(Dataset extract begins)

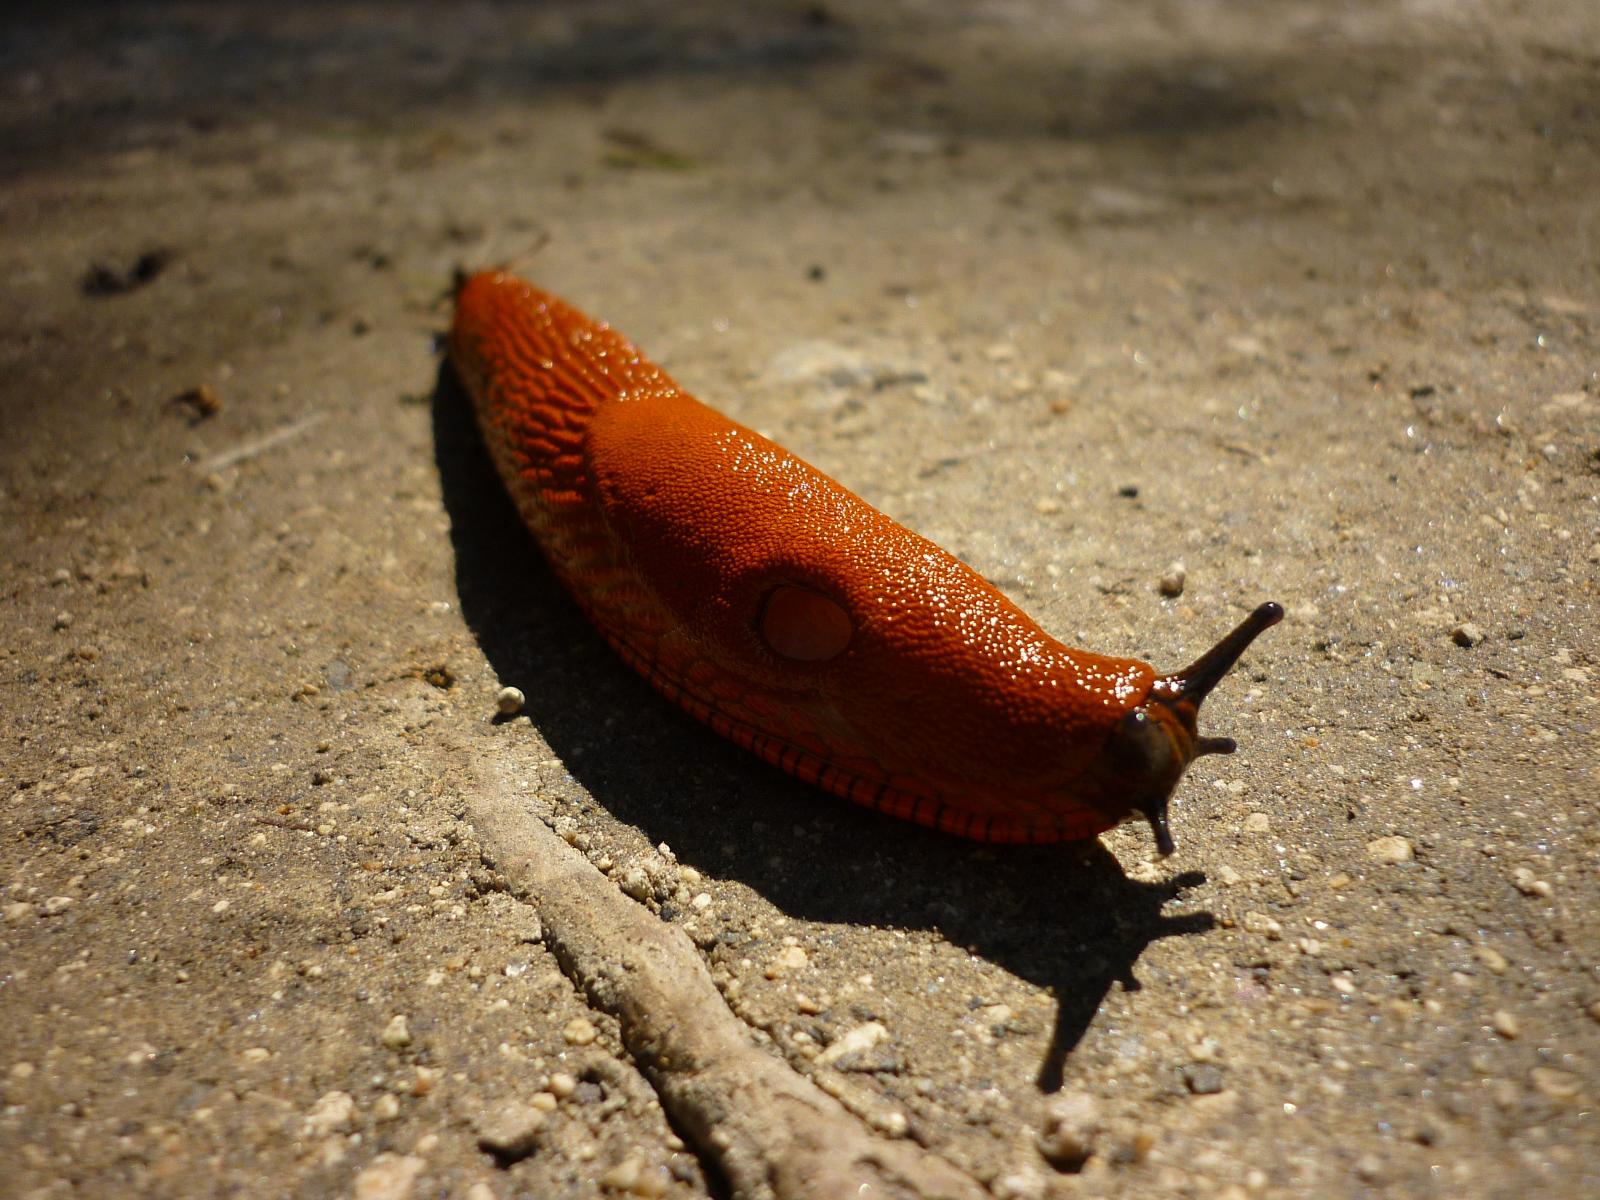 a small orange slug crawling across a dirty ground
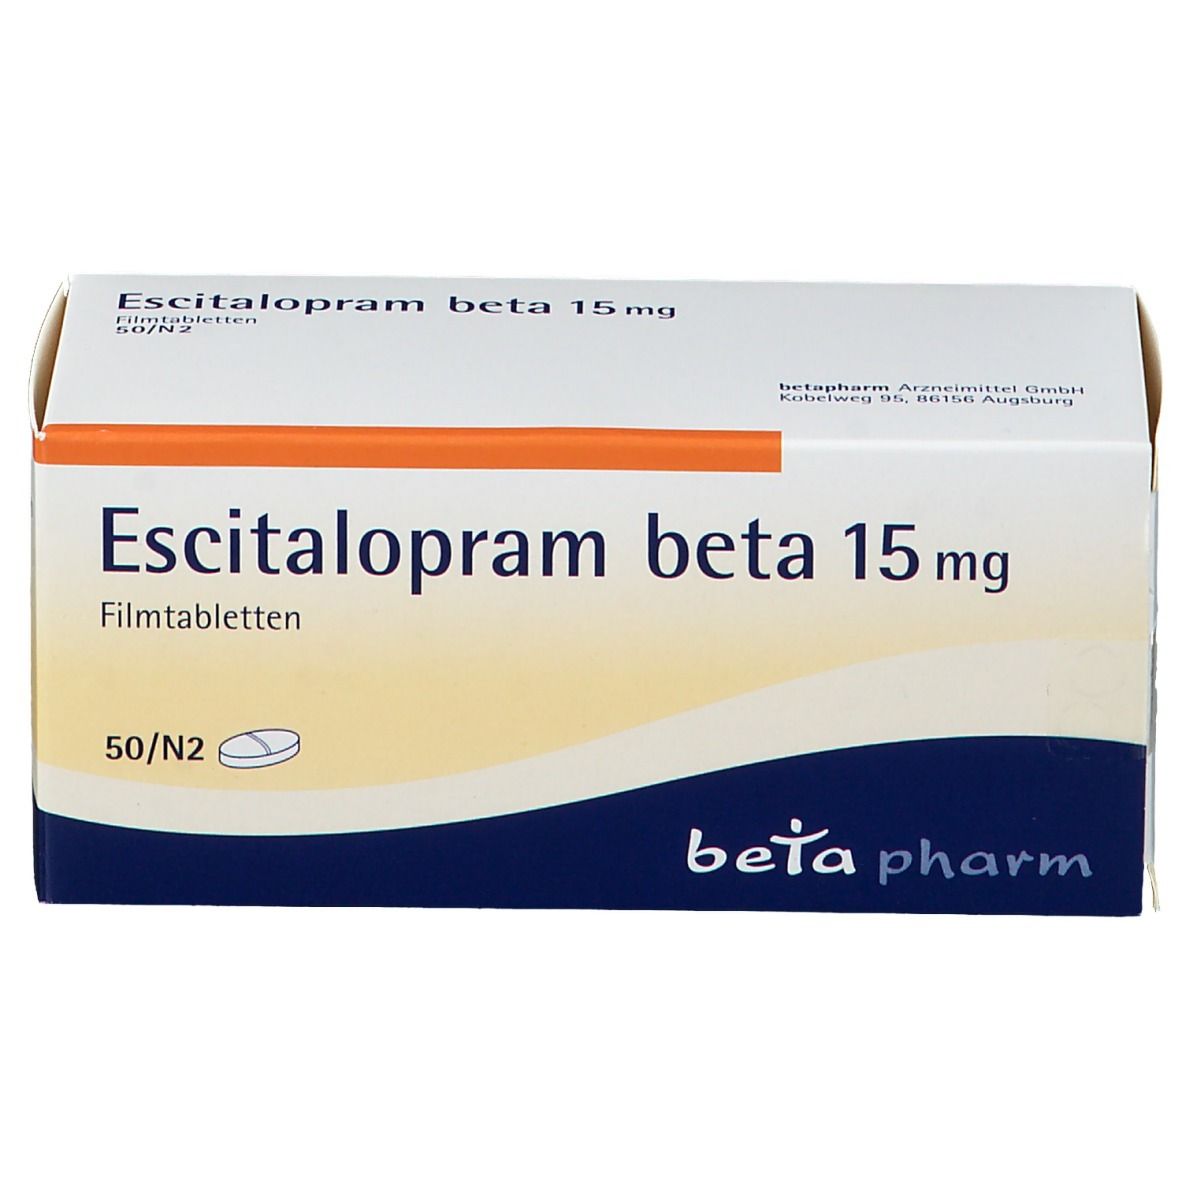 Escitalopram beta 15 mg
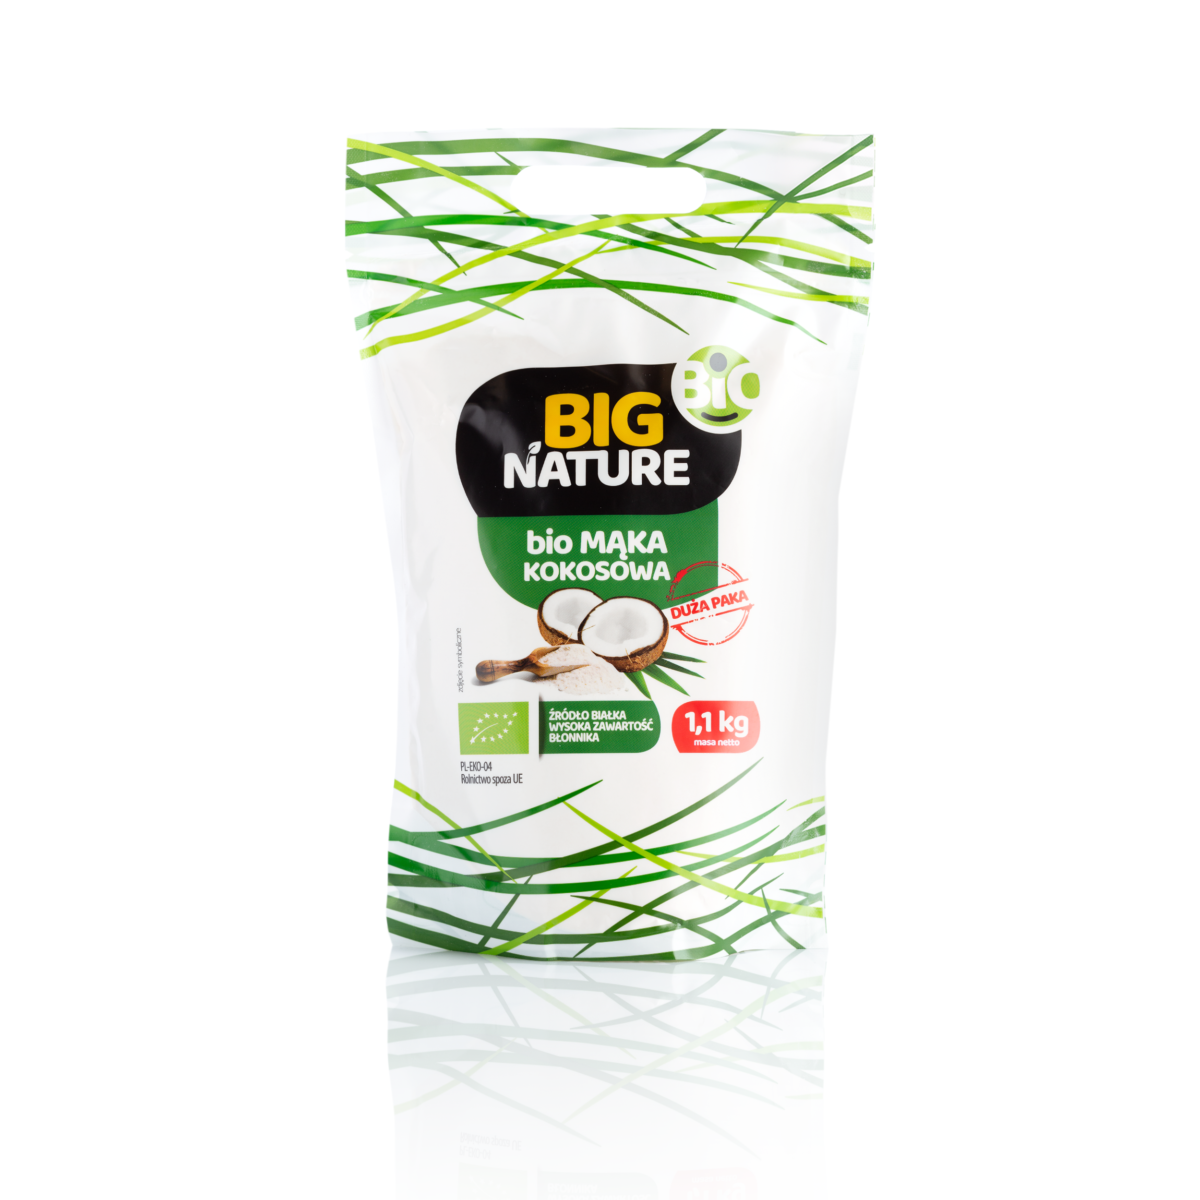 Mąka Kokosowa BIO z Big Nature. W zielono-białym opakowaniu znajduje się 1,1kg produktu.

(Dataset extract ends)

Exercise objective
A verbatim copy of the listing is required, with all pictures left out.

Output for this task
 a small orange slug crawling across a dirty ground
 Escitalopram beta 15 mg
 Mąka Kokosowa BIO z Big Nature. W zielono-białym opakowaniu znajduje się 1,1kg produktu.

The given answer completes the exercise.